**Dataset:**

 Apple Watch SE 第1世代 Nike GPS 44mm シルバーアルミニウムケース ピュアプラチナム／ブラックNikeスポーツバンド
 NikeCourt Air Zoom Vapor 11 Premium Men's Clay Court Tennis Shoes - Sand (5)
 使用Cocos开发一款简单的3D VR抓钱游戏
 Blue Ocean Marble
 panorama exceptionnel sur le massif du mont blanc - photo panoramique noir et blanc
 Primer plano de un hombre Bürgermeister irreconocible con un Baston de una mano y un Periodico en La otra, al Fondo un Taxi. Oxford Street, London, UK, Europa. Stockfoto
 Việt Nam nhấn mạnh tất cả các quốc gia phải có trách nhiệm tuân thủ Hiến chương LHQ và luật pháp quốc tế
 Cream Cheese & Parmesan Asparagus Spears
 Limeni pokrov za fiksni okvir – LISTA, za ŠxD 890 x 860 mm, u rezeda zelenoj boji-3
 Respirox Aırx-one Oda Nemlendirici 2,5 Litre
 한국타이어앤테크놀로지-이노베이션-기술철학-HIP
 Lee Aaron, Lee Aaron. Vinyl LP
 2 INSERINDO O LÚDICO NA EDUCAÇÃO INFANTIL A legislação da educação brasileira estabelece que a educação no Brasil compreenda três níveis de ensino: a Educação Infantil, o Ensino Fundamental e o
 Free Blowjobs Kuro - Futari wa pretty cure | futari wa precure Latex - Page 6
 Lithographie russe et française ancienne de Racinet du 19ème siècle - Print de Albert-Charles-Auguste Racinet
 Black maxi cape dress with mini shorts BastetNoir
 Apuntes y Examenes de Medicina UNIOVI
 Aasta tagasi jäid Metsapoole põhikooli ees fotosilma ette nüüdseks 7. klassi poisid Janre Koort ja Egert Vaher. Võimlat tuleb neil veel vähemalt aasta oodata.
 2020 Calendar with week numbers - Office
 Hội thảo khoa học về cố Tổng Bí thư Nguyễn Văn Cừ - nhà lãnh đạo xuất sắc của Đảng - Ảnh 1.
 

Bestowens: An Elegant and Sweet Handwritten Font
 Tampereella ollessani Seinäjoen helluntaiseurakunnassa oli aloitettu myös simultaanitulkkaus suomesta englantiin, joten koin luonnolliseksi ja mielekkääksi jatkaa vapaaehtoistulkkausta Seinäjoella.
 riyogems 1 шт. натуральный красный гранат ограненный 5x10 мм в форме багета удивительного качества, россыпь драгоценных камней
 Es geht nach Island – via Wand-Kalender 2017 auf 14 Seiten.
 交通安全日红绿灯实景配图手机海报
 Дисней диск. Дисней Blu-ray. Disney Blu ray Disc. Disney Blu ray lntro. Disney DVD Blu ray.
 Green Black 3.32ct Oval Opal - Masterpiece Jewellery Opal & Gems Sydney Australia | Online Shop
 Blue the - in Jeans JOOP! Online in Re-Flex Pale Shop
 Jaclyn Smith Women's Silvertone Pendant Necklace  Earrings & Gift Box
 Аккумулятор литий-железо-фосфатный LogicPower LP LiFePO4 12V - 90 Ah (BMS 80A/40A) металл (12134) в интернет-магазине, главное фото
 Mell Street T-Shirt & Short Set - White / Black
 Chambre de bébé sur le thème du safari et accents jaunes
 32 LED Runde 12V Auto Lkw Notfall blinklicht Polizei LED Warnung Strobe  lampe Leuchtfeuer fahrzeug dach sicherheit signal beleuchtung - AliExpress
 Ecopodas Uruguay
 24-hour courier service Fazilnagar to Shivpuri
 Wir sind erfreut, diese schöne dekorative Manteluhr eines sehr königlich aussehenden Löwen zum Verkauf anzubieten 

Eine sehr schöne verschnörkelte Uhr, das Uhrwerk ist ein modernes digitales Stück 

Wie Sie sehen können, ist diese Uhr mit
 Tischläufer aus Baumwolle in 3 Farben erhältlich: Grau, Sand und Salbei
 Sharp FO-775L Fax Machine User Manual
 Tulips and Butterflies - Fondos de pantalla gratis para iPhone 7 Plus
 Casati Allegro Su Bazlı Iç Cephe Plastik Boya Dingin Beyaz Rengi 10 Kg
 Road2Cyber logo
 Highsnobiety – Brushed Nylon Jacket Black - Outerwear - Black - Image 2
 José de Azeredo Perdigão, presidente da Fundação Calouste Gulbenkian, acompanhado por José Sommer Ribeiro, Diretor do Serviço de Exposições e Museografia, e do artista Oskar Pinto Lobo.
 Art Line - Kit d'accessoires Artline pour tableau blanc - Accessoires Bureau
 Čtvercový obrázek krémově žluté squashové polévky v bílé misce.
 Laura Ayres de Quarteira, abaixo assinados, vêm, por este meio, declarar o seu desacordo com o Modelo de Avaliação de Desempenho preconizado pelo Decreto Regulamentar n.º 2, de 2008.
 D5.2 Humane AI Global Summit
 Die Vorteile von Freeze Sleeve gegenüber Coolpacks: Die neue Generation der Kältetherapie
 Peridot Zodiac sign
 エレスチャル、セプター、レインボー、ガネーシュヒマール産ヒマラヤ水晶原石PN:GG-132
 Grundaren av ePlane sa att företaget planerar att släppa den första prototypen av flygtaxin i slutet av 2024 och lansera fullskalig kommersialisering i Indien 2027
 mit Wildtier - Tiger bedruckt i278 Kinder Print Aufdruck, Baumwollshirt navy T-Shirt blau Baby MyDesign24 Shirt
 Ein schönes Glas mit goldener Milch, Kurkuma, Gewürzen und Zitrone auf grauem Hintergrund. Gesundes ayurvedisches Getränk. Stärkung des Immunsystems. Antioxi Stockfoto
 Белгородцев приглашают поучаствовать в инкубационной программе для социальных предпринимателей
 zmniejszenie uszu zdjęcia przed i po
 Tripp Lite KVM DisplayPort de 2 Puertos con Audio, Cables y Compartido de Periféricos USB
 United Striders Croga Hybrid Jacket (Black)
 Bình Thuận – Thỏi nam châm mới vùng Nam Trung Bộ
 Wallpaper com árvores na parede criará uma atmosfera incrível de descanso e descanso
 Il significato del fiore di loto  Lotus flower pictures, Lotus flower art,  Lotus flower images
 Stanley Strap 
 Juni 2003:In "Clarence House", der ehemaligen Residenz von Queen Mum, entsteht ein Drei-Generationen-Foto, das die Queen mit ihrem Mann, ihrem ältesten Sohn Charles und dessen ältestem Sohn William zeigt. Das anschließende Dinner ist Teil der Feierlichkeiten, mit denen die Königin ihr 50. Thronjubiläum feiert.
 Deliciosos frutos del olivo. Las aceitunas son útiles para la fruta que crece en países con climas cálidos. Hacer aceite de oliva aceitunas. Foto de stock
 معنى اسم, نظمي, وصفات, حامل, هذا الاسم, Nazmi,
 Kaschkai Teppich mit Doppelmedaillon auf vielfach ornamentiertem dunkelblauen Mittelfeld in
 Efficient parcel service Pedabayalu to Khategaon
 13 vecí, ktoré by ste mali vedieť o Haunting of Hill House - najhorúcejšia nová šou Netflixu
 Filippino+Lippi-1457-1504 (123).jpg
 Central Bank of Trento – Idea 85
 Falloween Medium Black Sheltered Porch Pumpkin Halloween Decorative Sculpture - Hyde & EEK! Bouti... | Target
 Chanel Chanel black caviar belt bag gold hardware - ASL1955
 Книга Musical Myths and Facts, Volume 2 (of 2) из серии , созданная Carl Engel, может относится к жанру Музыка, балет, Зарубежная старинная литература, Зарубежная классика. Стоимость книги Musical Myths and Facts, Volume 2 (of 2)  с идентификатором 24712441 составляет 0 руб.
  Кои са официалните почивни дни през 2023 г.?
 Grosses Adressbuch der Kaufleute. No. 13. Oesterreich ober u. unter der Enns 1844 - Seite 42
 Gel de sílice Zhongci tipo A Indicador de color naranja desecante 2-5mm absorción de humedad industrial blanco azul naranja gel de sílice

**Exercise instructions:** Would you retype the lines above from the one with "Efficient parcel service" down to the one with "Grosses Adressbuch der", word for word, both ends included and no other lines?

**Result:**
 Efficient parcel service Pedabayalu to Khategaon
 13 vecí, ktoré by ste mali vedieť o Haunting of Hill House - najhorúcejšia nová šou Netflixu
 Filippino+Lippi-1457-1504 (123).jpg
 Central Bank of Trento – Idea 85
 Falloween Medium Black Sheltered Porch Pumpkin Halloween Decorative Sculpture - Hyde & EEK! Bouti... | Target
 Chanel Chanel black caviar belt bag gold hardware - ASL1955
 Книга Musical Myths and Facts, Volume 2 (of 2) из серии , созданная Carl Engel, может относится к жанру Музыка, балет, Зарубежная старинная литература, Зарубежная классика. Стоимость книги Musical Myths and Facts, Volume 2 (of 2)  с идентификатором 24712441 составляет 0 руб.
  Кои са официалните почивни дни през 2023 г.?
 Grosses Adressbuch der Kaufleute. No. 13. Oesterreich ober u. unter der Enns 1844 - Seite 42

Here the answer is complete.